Primary structure of bovine thyroglobulin deduced from the sequence of its 8,431-base complementary DNA

Abstract

In mammals, an adequate supply of thyroid hormones is essential for normal growth and neurological development. The biosynthesis of thyroid hormones involves an iodinated precursor protein, thyroglobulin, which may be considered an extreme example of a pro-hormone. Thyroglobulin is a dimeric glycoprotein of relative molecular mass (Mr) 660,000 (660K), which is secreted by the thyrocyte and stored in the lumen of the thyroid follicle. The hormonogenic reaction is extracellular, and involves iodination of tyrosyl residues of thyroglobulin and the intramolecular coupling of a subset of these into thyroxine (T4) and triiodothyronine (T3), which remain part of the polypeptide chain. Secretion of hormones results from the endocytosis of thyroglobulin followed by its complete hydrolysis in lysosomes. Considering that the maximum yield of hormones is approximately 6-8 per 660K protein, the whole process is apparently wasteful. However, the efficiency of thyroglobulin as a thyroid hormone precursor is extremely high when the supply of iodine is short; in such conditions, almost all the iodine incorporated is found in iodothyronine.

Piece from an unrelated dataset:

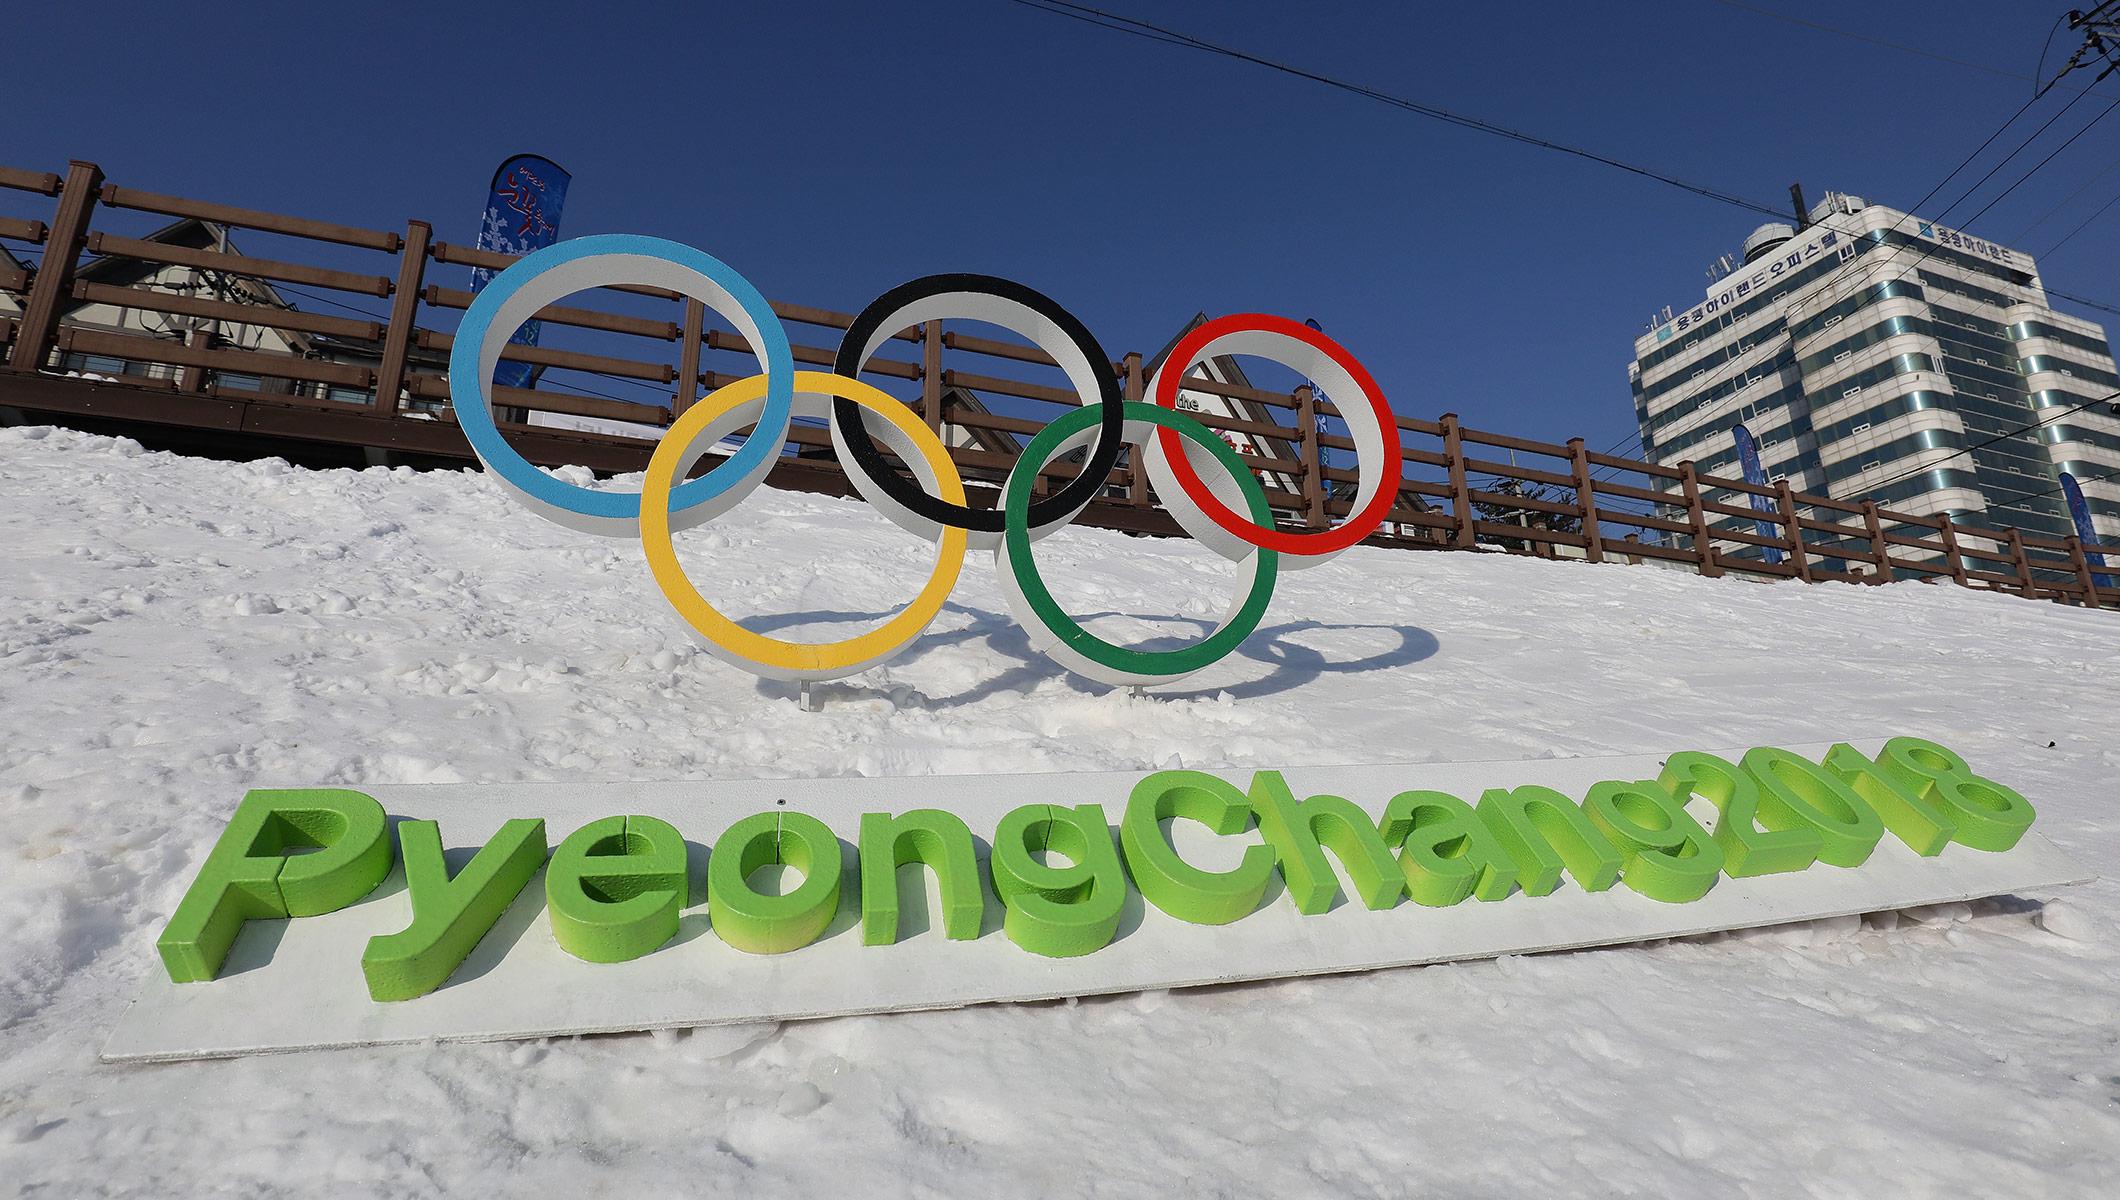 PyeongChang 2018, cele mai mari Jocuri Olimpice de iarnă din istorie
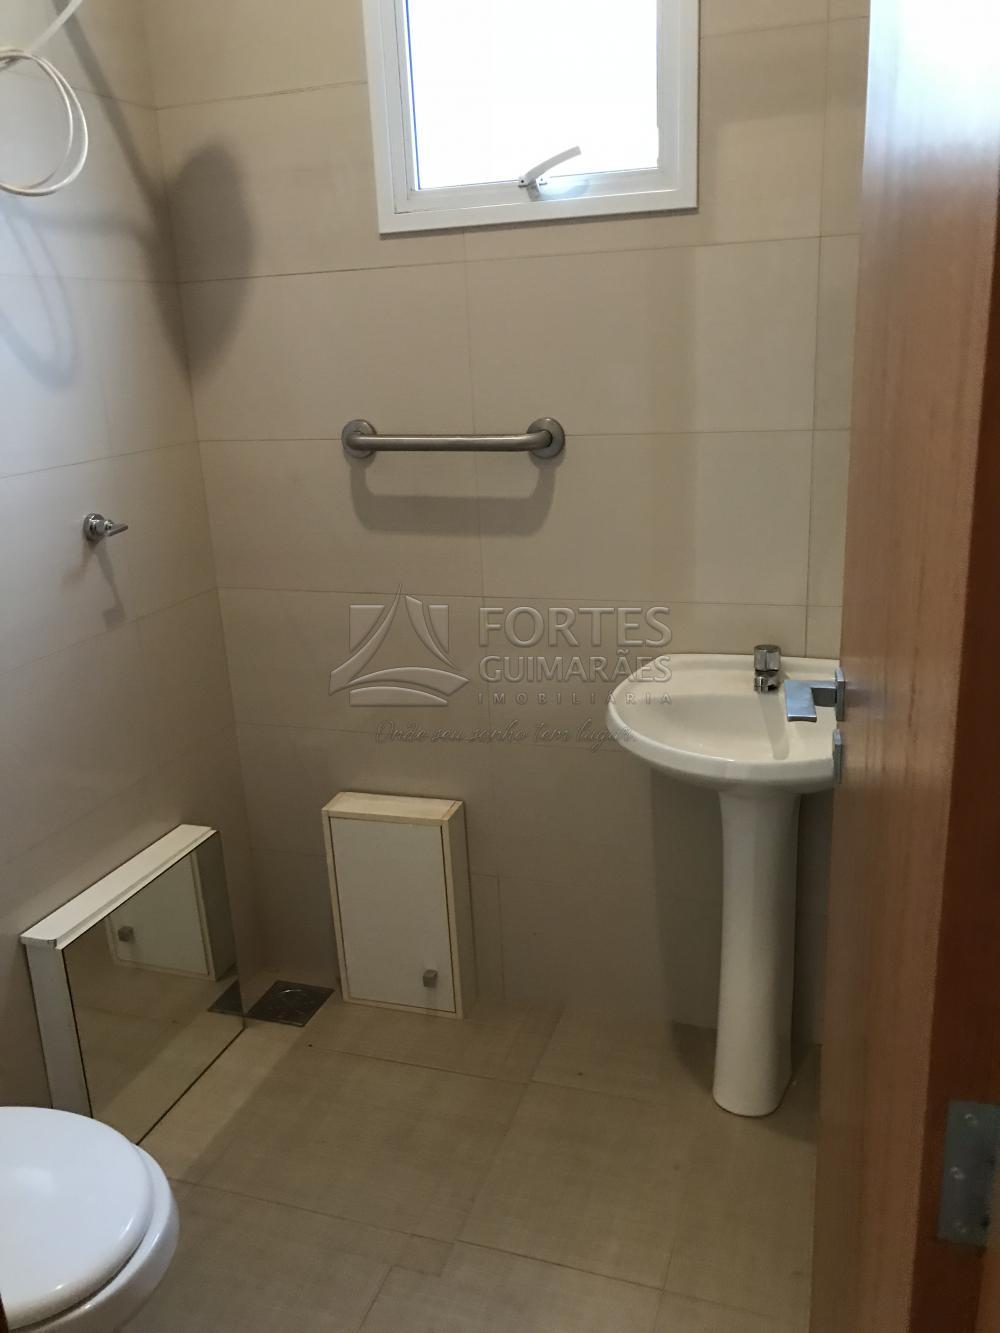 Alugar Casas / Condomínio em Ribeirão Preto apenas R$ 7.000,00 - Foto 21

Hence it is suggested that the thyroglobulin structure has evolved to allow for the preferential and efficient iodination and coupling of the hormonogenic tyrosines. Here we report the complete primary structure of bovine thyroglobulin, derived from the sequence of its 8,431-base-pair complementary DNA. The 2,769-amino-acid sequence is characterized by a pattern of imperfect repeats derived from three cysteine-rich motifs. Four hormonogenic tyrosines have been precisely localized near the amino and carboxyl ends of the protein.